Though Piedmont Avenue's J's Hamburgers & Such isn't your quintessential greasy spoon, and its food doesn't rival Dean's, the restaurant does manage to seamlessly incorporate Mexican cuisine into the diner breakfast. "I can't believe I'm taking you to J's," my friend Eric kept saying on the way, even though one recent lubricated evening he had raved nonstop about its breakfasts. In soberer moments, he confessed he couldn't picture a restaurant critic eating at J's.

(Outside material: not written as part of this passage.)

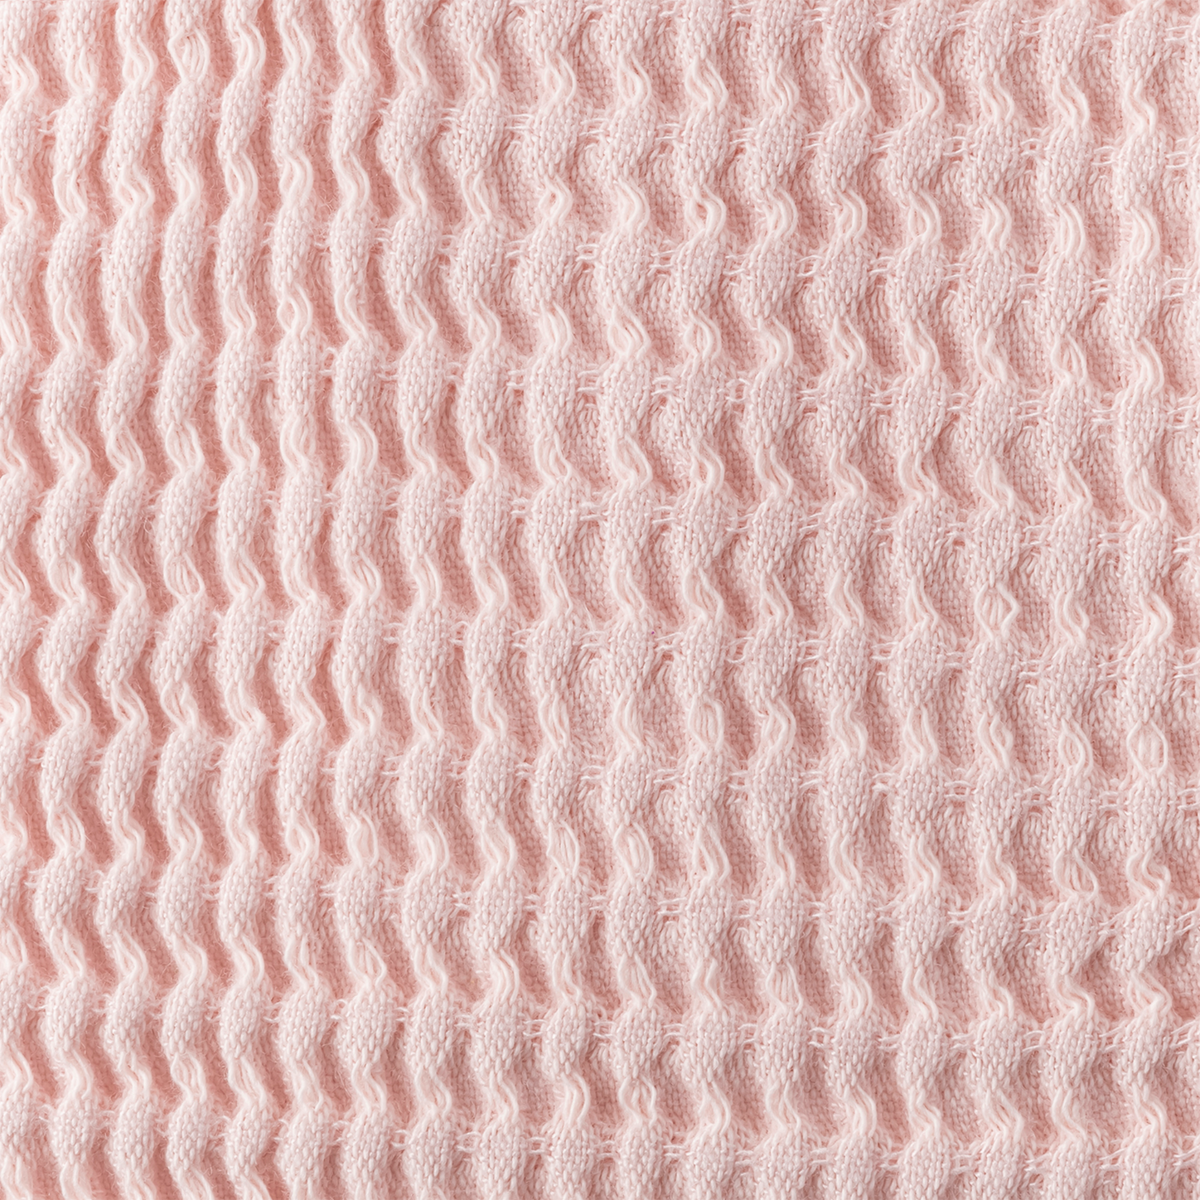 Swatch Sample of Matouk Kiran Waffle Towels in Blush Color

I thought I was dressed appropriately. J's is located in an old Key line station, a deco checkerboard of blue and gray tiles with a clock tower. The funky hodgepodge decor attracts longtime Piedmontians and indie-rock hipsters. Inside, dark wood paneling sets the tone, and the burgundy carpet clashes with octagonal gold rec room lamps reading "J's Hamburgers & Such" in Old West letters. Pictures of the old Key line trains decorate the walls, and on some Saturday mornings the television set in back shows cartoons.

Four of us crowded around a table printed with advertisements from the turn of the century (I remember them from '70s-era Wendy's restaurants). J's has no waiters, so while we waited for our number to be called, we sipped diner coffee, thin and bitter but not burnt, from brown ceramic mugs. We then picked up our food, table settings, bowls of salsa, and pickled jalapeños at the counter.

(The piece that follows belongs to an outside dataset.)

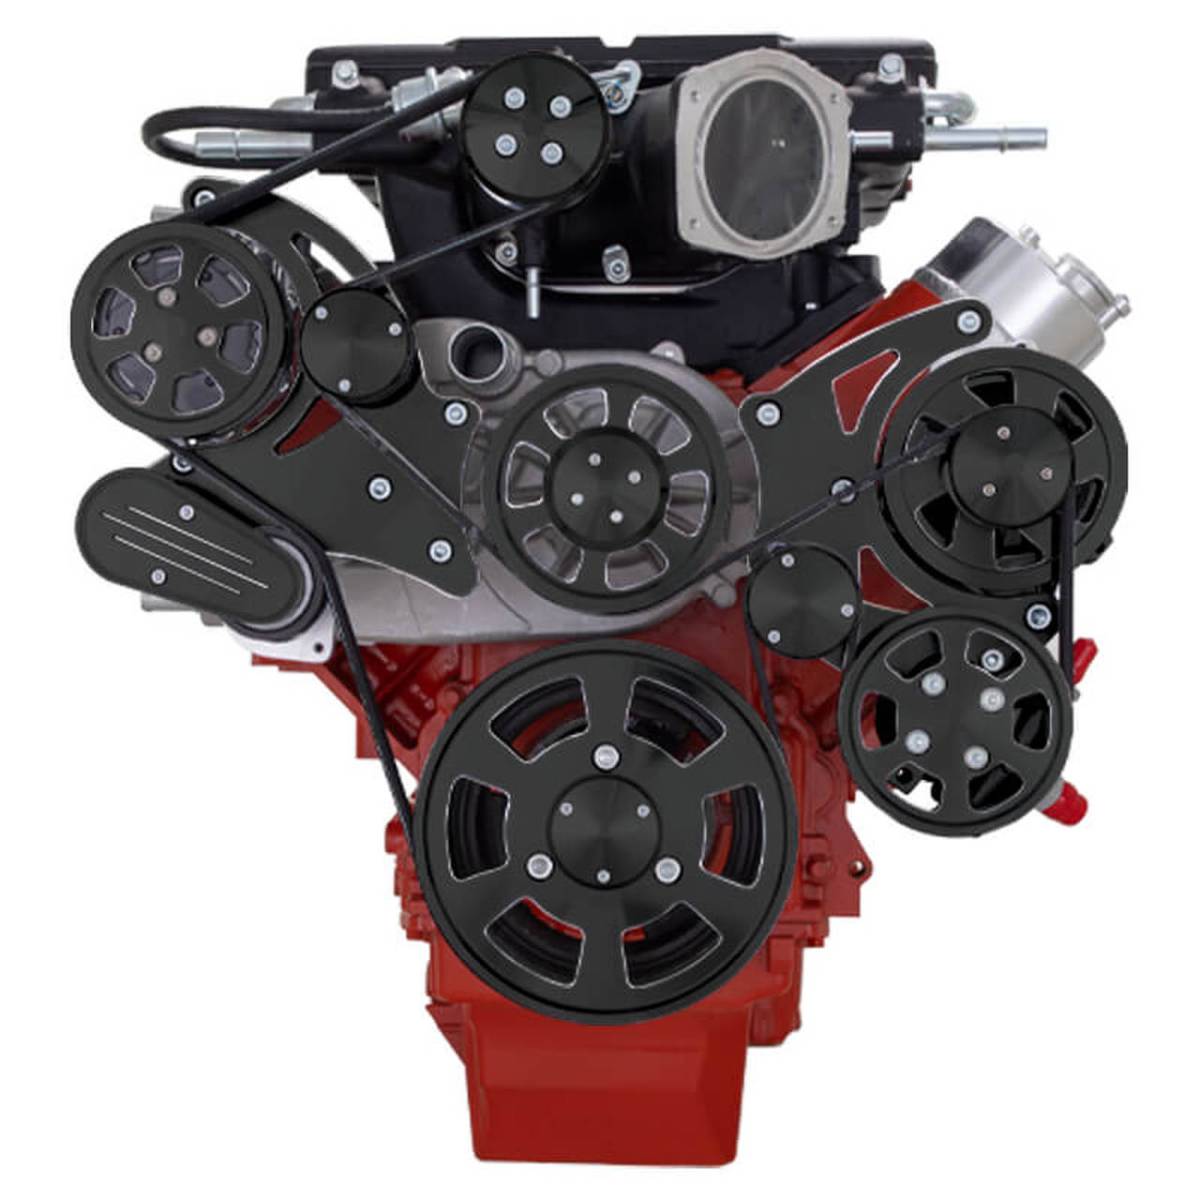 CVF Racing - CVF Wraptor Chevy LS Engine Magnuson Serpentine Bracket System with Alternator AC and Power Steering - Black Diamond Finish - Image 1

J's serves hamburgers and tacos until the early evening, but we had come for breakfast. They may not offer eggs Benedict, but they do griddle up chilaquiles, a mass of crispy fried tortilla strips sautéed with scrambled eggs and then covered with a loose, mild tomato sauce containing onions and red and green peppers. The tortillas kept most of their crunchiness as we ate, contrasting nicely with the eggs and stewed vegetables. The same tomato-onion-pepper sauce had been drizzled across bland huevos rancheros, two fried eggs laid across a half-stack of corn tortillas. Both came with packets of tortillas wrapped in aluminum foil, Mexican rice, and a puddle of refried beans speckled with melted cheese. The two dishes improved with a pinch of salt and a spoonful of piquant red salsa.

Actually, the red and green salsas, both hot, improved everything they coated. They had more gumption than anything else on our plates. Like your saucy Aunt Margaret, who'd show up at family reunions wearing cherry red lipstick and vodka on her breath, they only pointed out how drab the rest of the party was. Our guide had figured this out long ago. He dumped spoonful after spoonful of salsa on top of his farmer's breakfast -- scrambled eggs, toast, bacon, and hash browns -- with a big side of refried beans.

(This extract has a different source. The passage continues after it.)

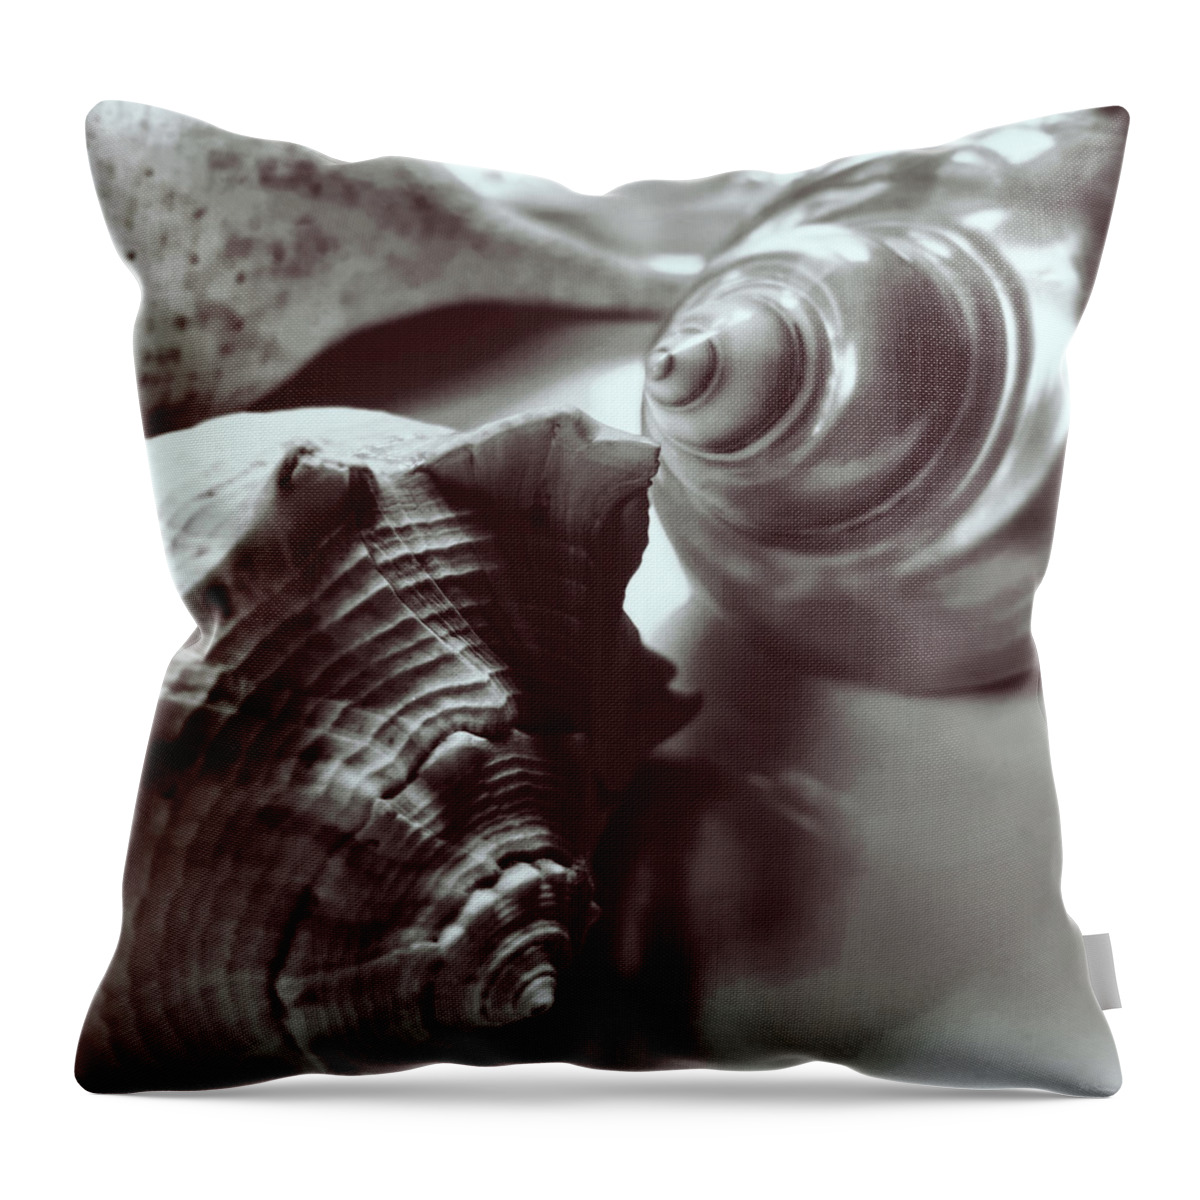 Monochrome Throw Pillow featuring the photograph Three Seashells Darker by Joy Sussman

At the counter, I observed one cook using a spatula to spread beaten eggs on the griddle into eighteen-inch rounds as thin as crepes. He then folded and neatly wrapped the omelet around its fillings before the eggs could get brown around the edges. Tucked inside ours were chunks of flavorful but dry linguiça, fried until all the grease had melted away. The hash browns that accompanied it had crispy edges but slightly underdone centers.

We're living in an age when brunch has come to mean mimosas, smoked salmon hash, and roasted root vegetable medleys. Even IHOP and Denny's are adding "gourmet" touches to keep up. Not J's and Dean's. Since the mid-'50s, both have stayed true to their vision, serving real American breakfasts to real American diners. Mangia bene!